(Beginning of PROVIDED DATA)

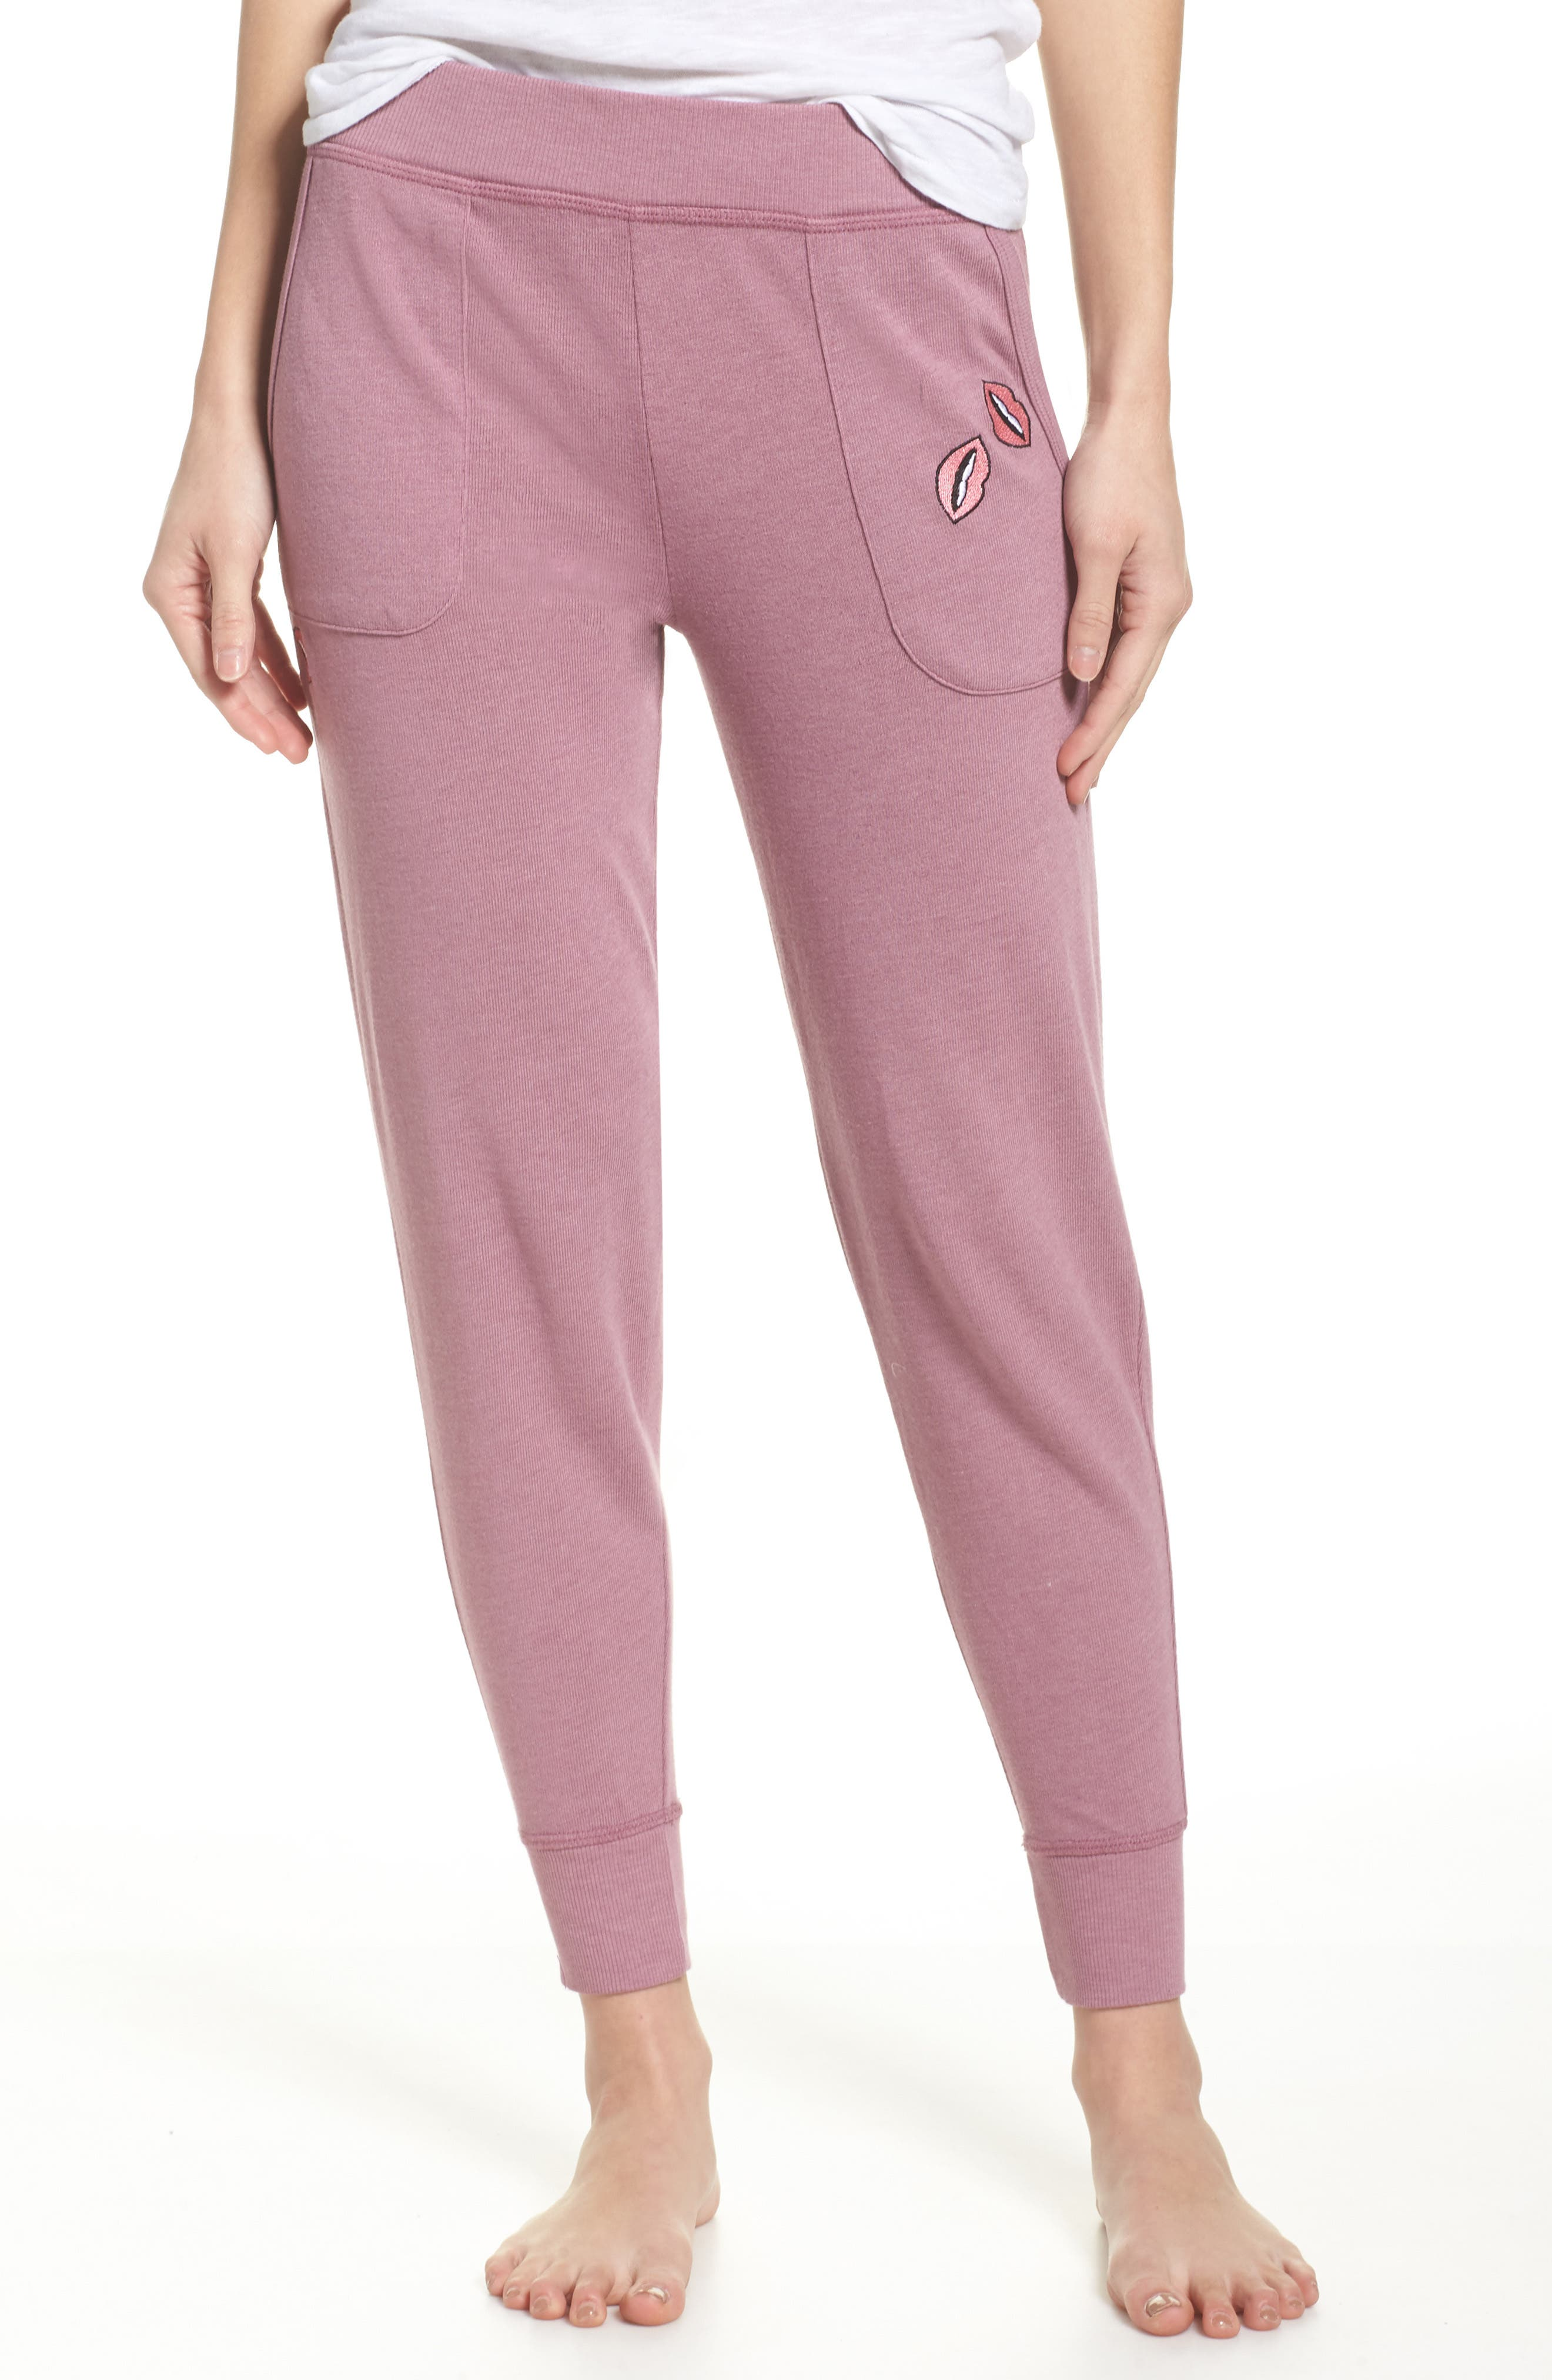 Junkfood Girl Talk Jogger Pants,                         Main,                         color, Dawn
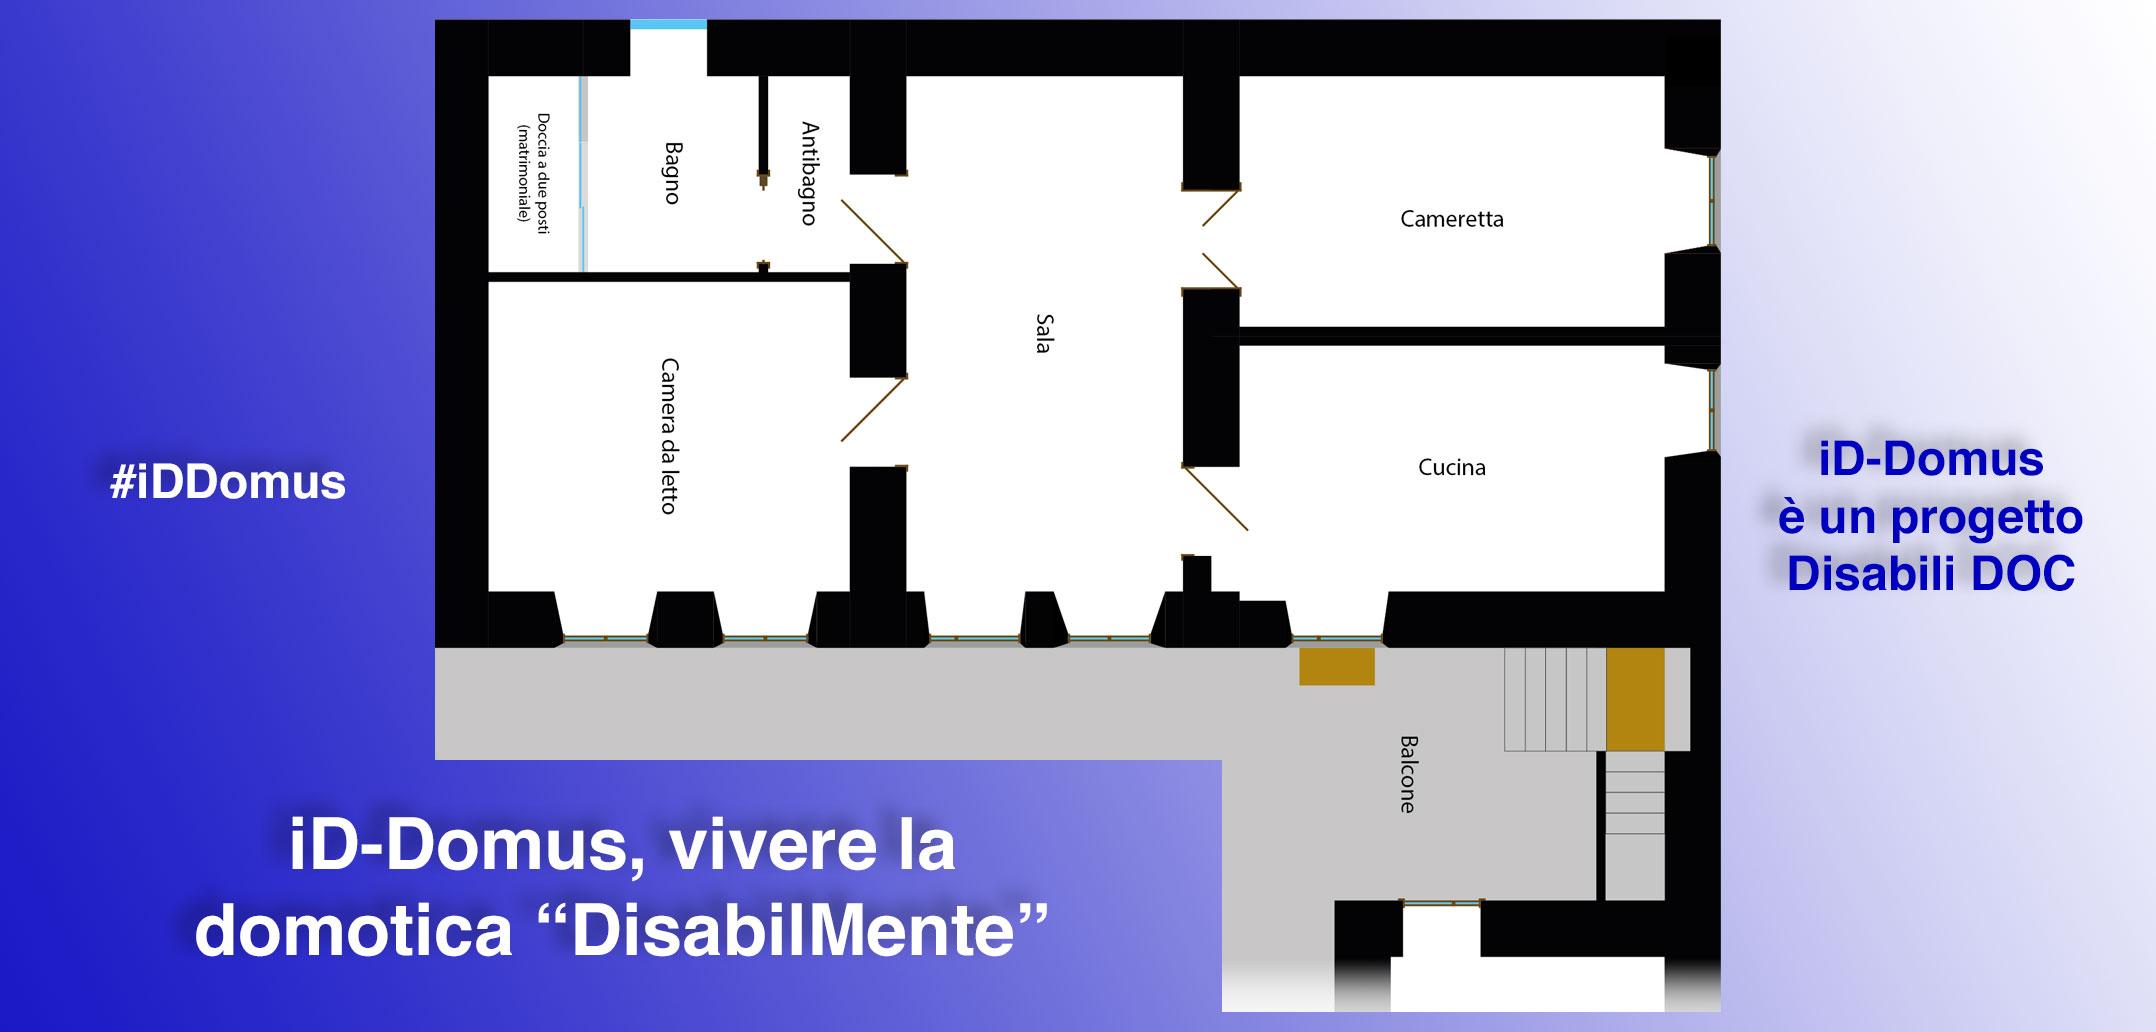 "#iDDomus / Parte 1ª / Premessa: vivere la domotica ""DisabilMente"""
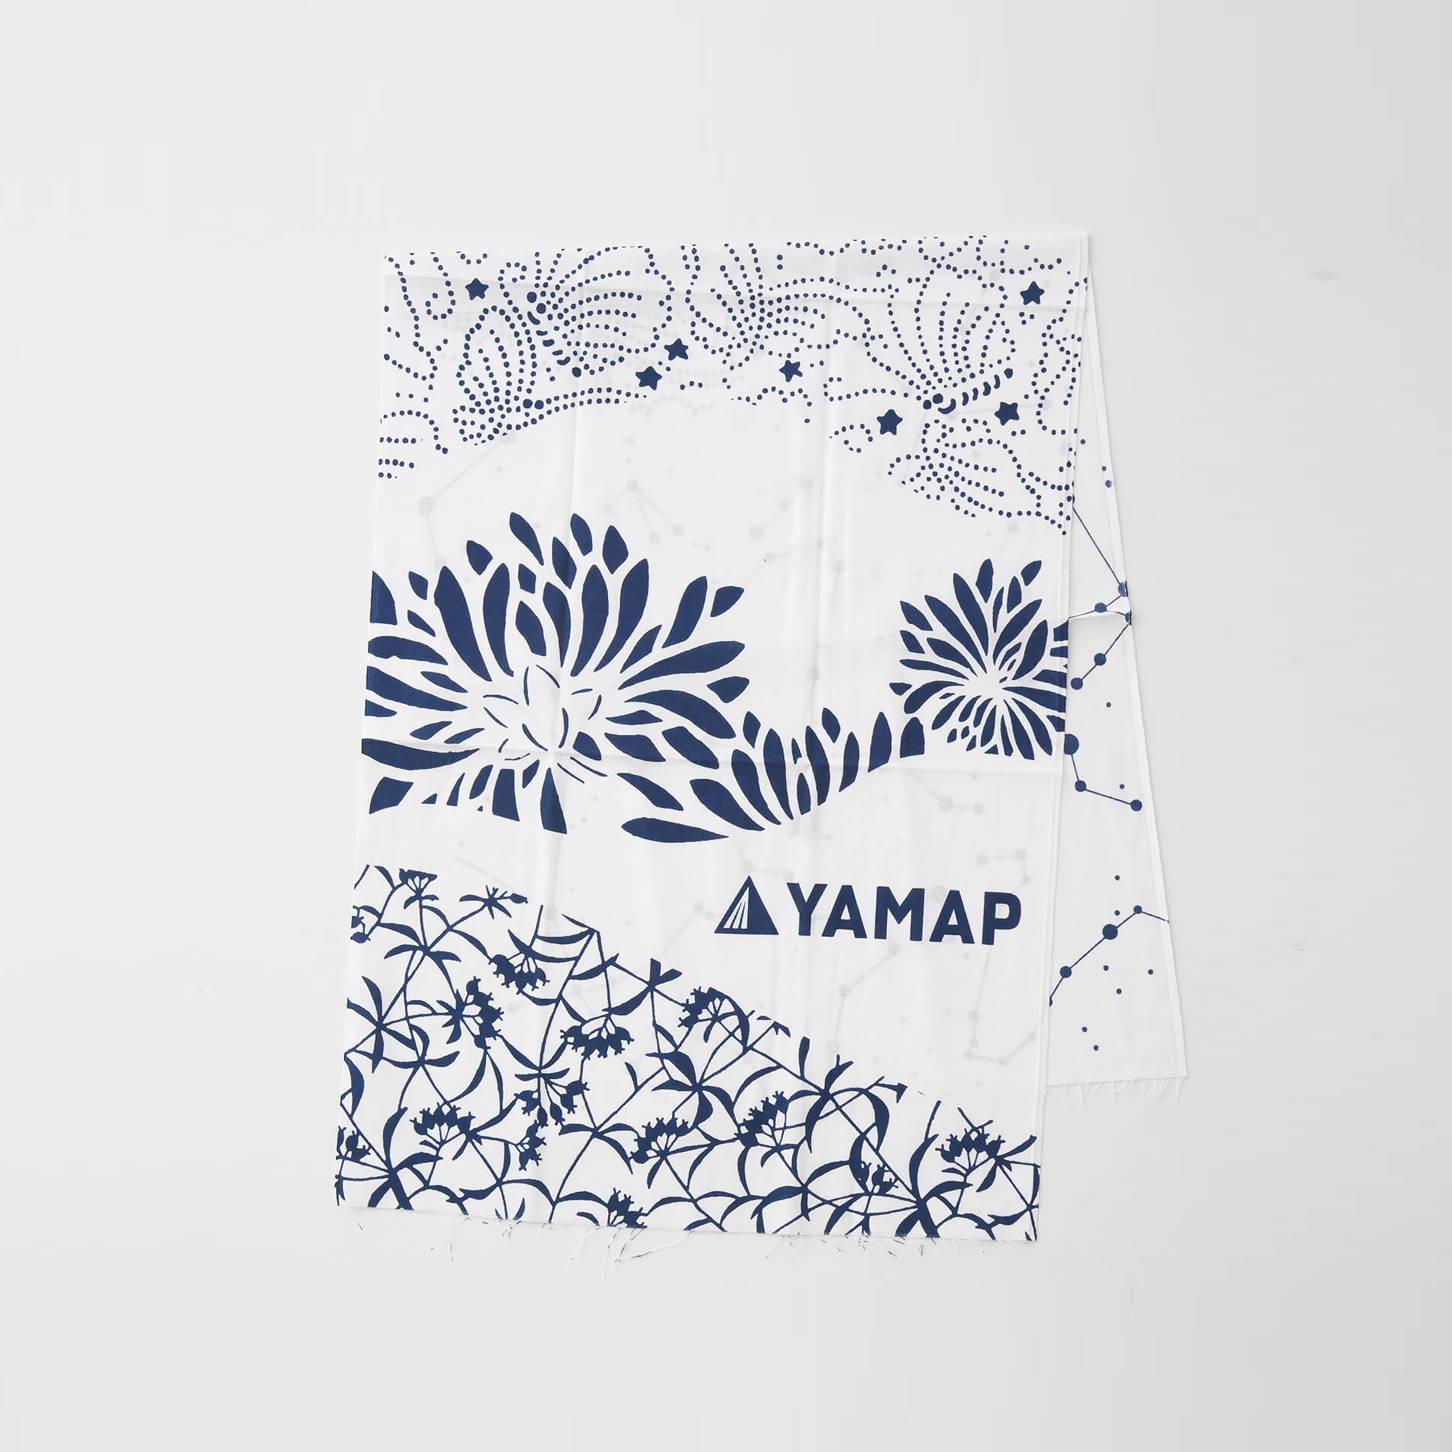 YAMAP(ヤマップ)/オリジナル手ぬぐい/ホワイト

(End of PROVIDED DATA)

» TASK INSTRUCTIONS
Every line above is to be returned exactly, with its pictures removed.

» WRITTEN REPLY
 Junkfood Girl Talk Jogger Pants,                         Main,                         color, Dawn
 "#iDDomus / Parte 1ª / Premessa: vivere la domotica ""DisabilMente"""
 YAMAP(ヤマップ)/オリジナル手ぬぐい/ホワイト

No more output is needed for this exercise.